Sometimes empty droplets are not available. In Supplementary Figure 1, we show that the fitted background population mean of each protein across all cells was concordant with the mean of ambient ADTs in both empty droplets and unstained control cells.
This experiment suggests that this fitted background mean captures an estimate of ambient noise.

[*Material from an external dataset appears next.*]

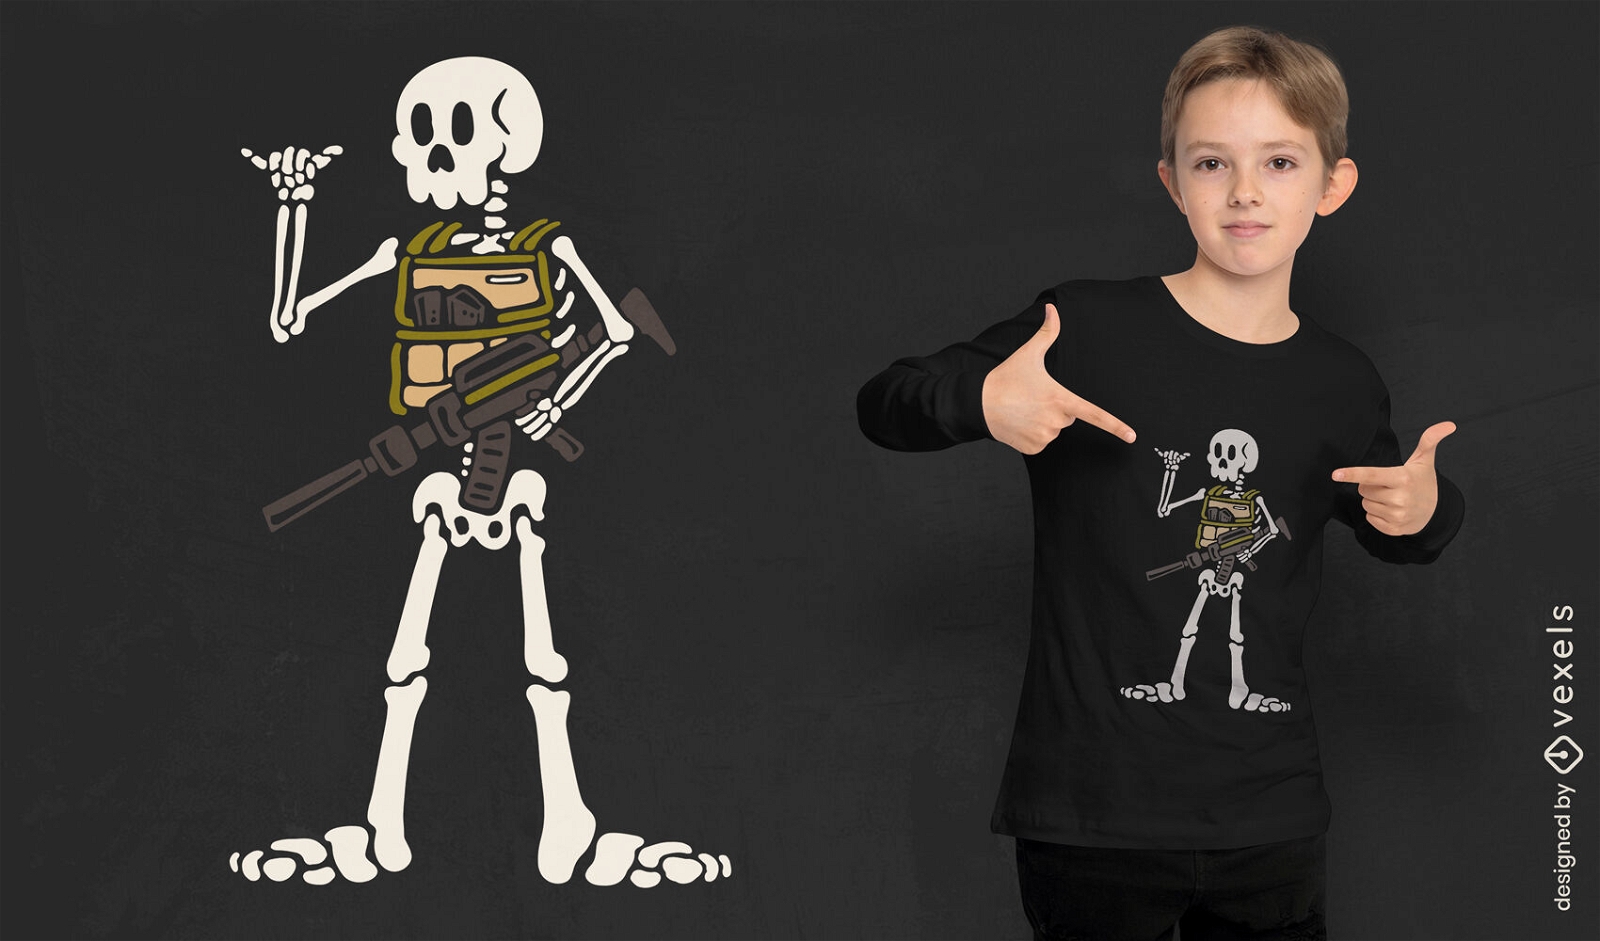 Skeleton soldier with gun t-shirt design

By log + 1 transforming ADTs across cells, fitting the background population mean with a Gaussian Mixture and subtracting this value from cells, we should partly remove the ambient component and 0-center the background population for each ADT. We can then implement step II exactly as in the dsb function `DSBNormalizeProtein`. We provide this method with the function `ModelNegativeADTnorm`.
```{r}
library(dsb)
# pecify isotype controls to use in step II
isotypes = c("MouseIgG1kappaisotype_PROT", "MouseIgG2akappaisotype_PROT",
"Mouse IgG2bkIsotype_PROT", "RatIgG2bkIsotype_PROT")
# run ModelNegativeADTnorm to model ambient noise and implement step II
raw.adt.matrix = dsb::cells_citeseq_mtx
norm.adt = ModelNegativeADTnorm(cell_protein_matrix = raw.adt.matrix,
denoise.counts = TRUE,
use.isotype.control = TRUE,
isotype.control.name.vec = isotypes
)
```
We retain trimodal distributions of CD4 with the background population centered at 0. All populations are nicely recovered with concordant distribution of values as the default dsb method.

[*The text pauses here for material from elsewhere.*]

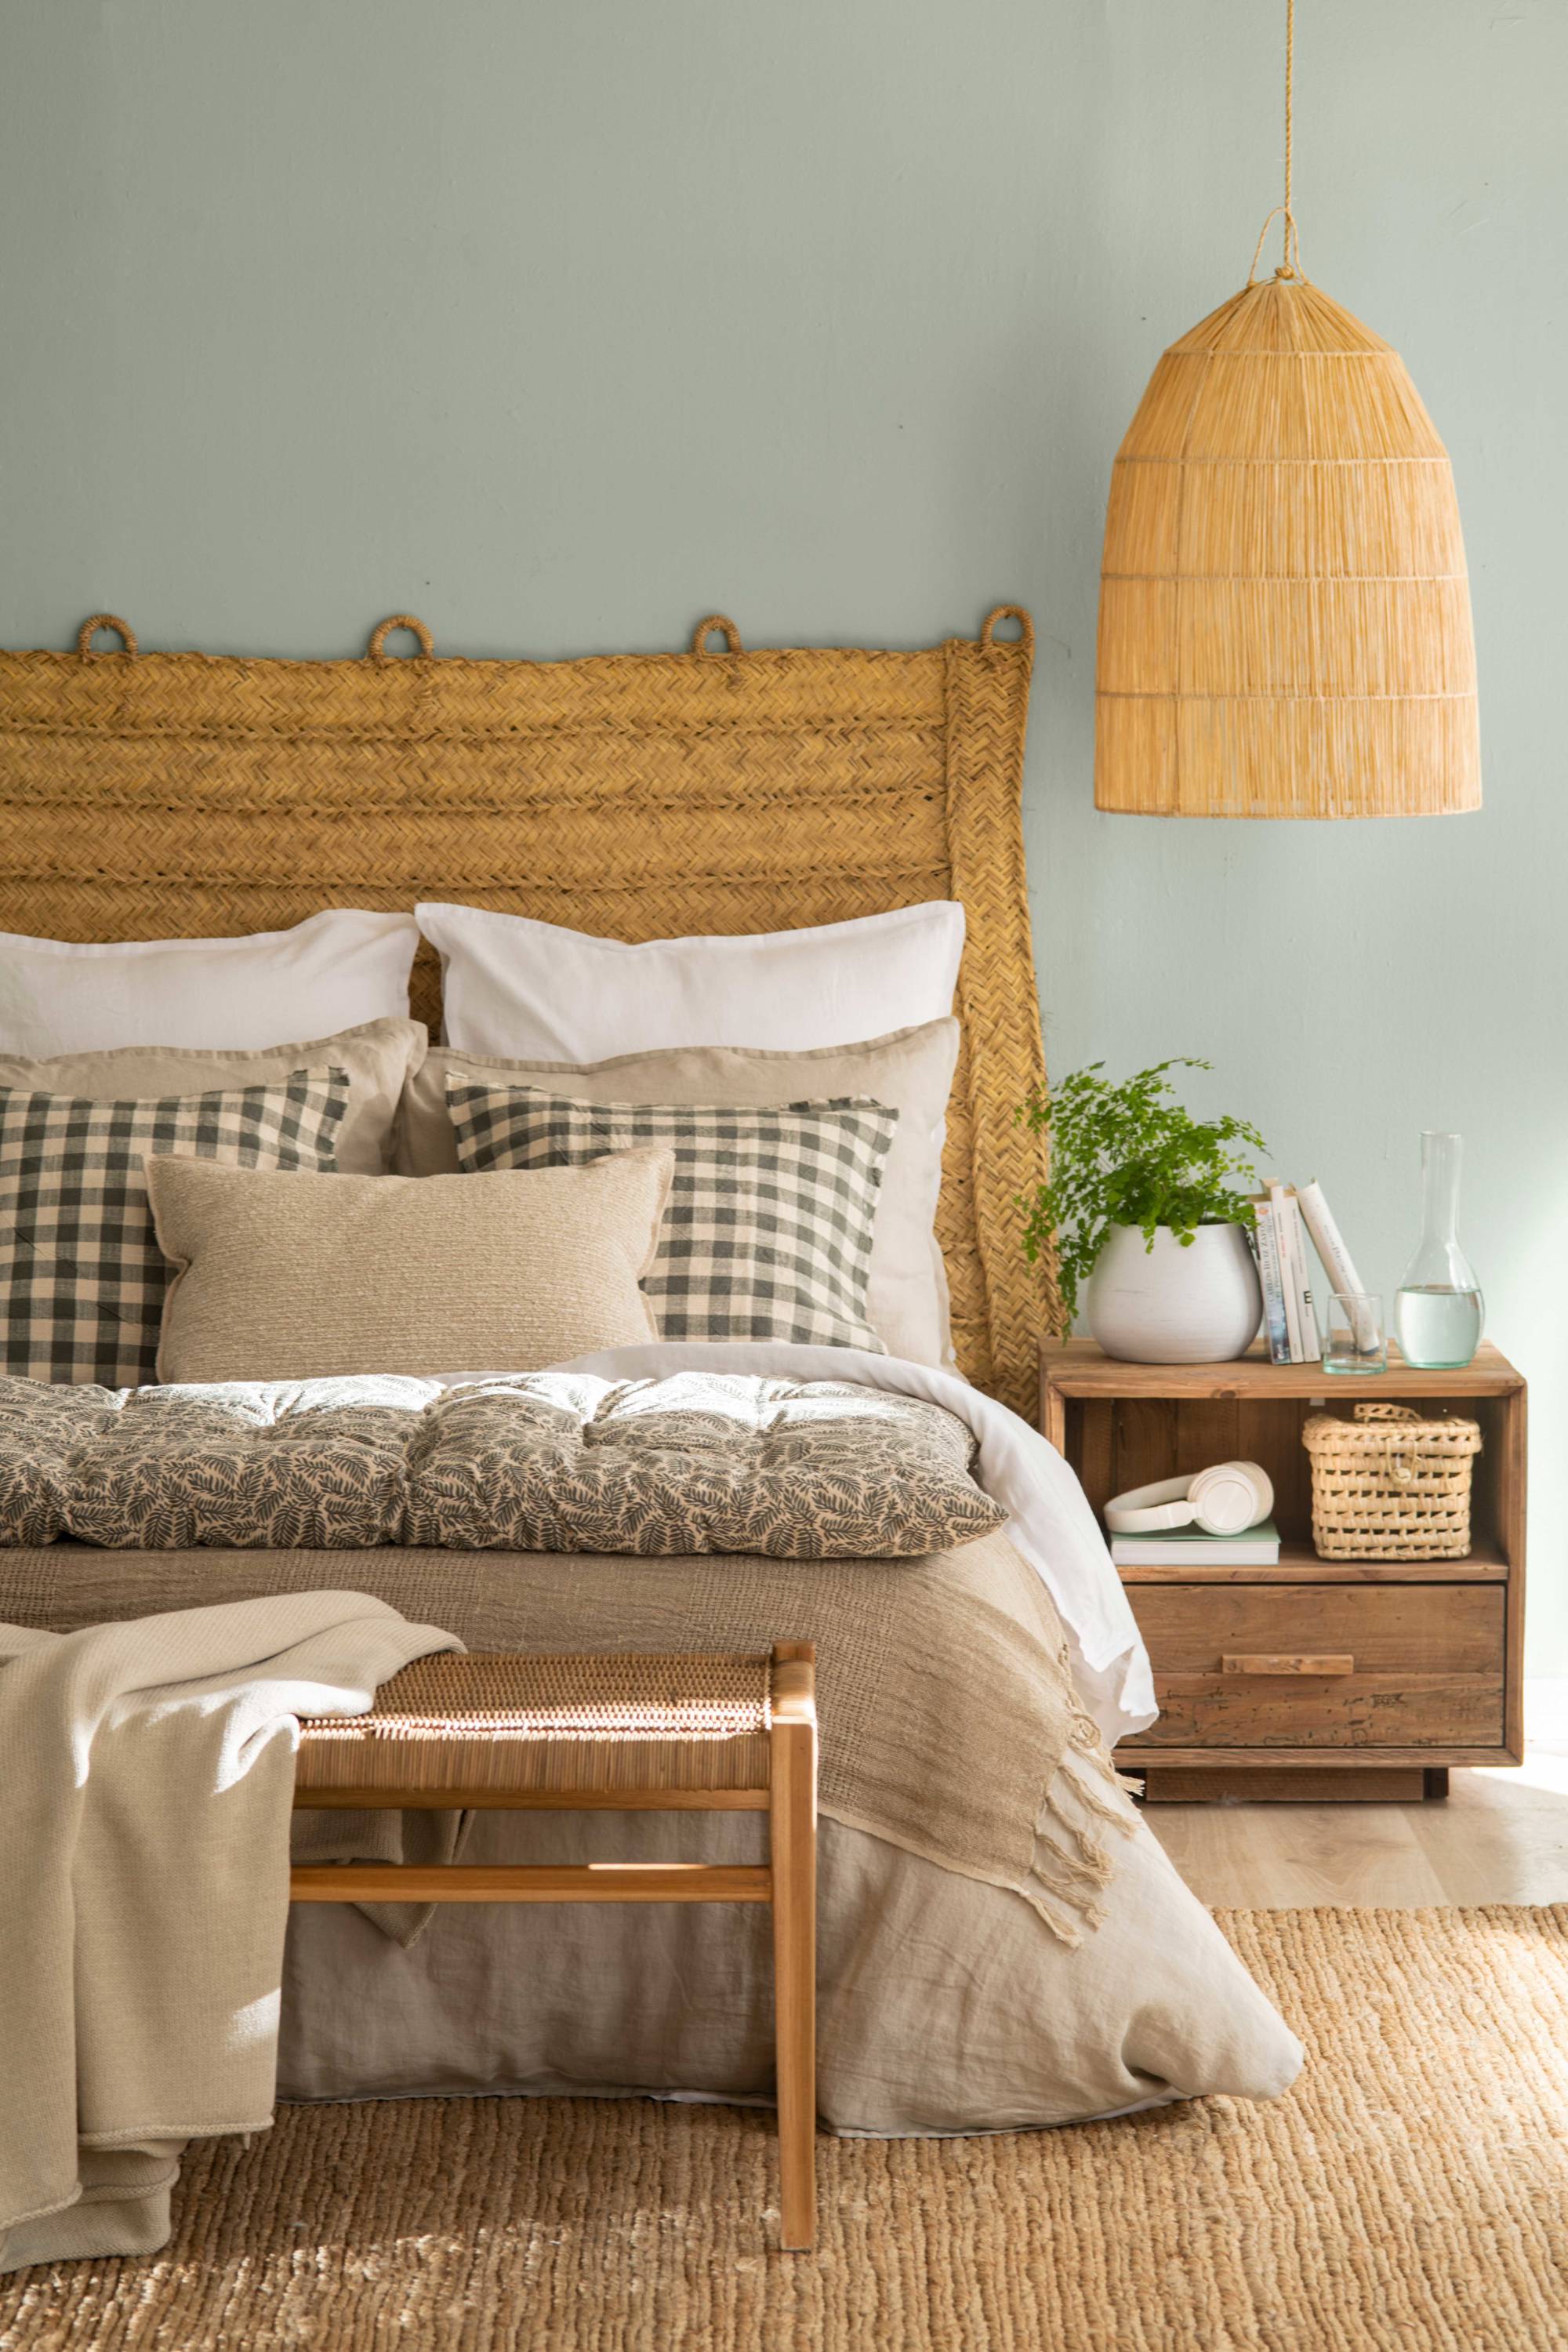 Dormitorio con cama de estilo natural y cabecero de fibra.

```{r, fig.width=7.5, fig.height=6}
par(mfrow = c(2,2)); r = '#009ACD80'
lab = 'ModelNegativeADTnorm'
hist(norm.adt["CD4_PROT", ], breaks = 45, col = r, main = 'CD4', xlab = lab)
hist(norm.adt["CD8_PROT", ], breaks = 45, col = r, main = 'CD8', xlab = lab)
hist(norm.adt["CD19_PROT", ], breaks = 45, col = r, main = 'CD19', xlab = lab)
hist(norm.adt["CD18_PROT", ], breaks = 45, col = r, main = 'CD18', xlab = lab)
```
Note that two proteins in this 87 protein panel are expected to be expressed by every cell--HLA-ABC and CD18. *cells with the lowest expression of ubiquitously expressed proteins can fall around 0 with this method*. Relative CD18 values above are the same as the default dsb, however, the lowest population cells with this method are around 0.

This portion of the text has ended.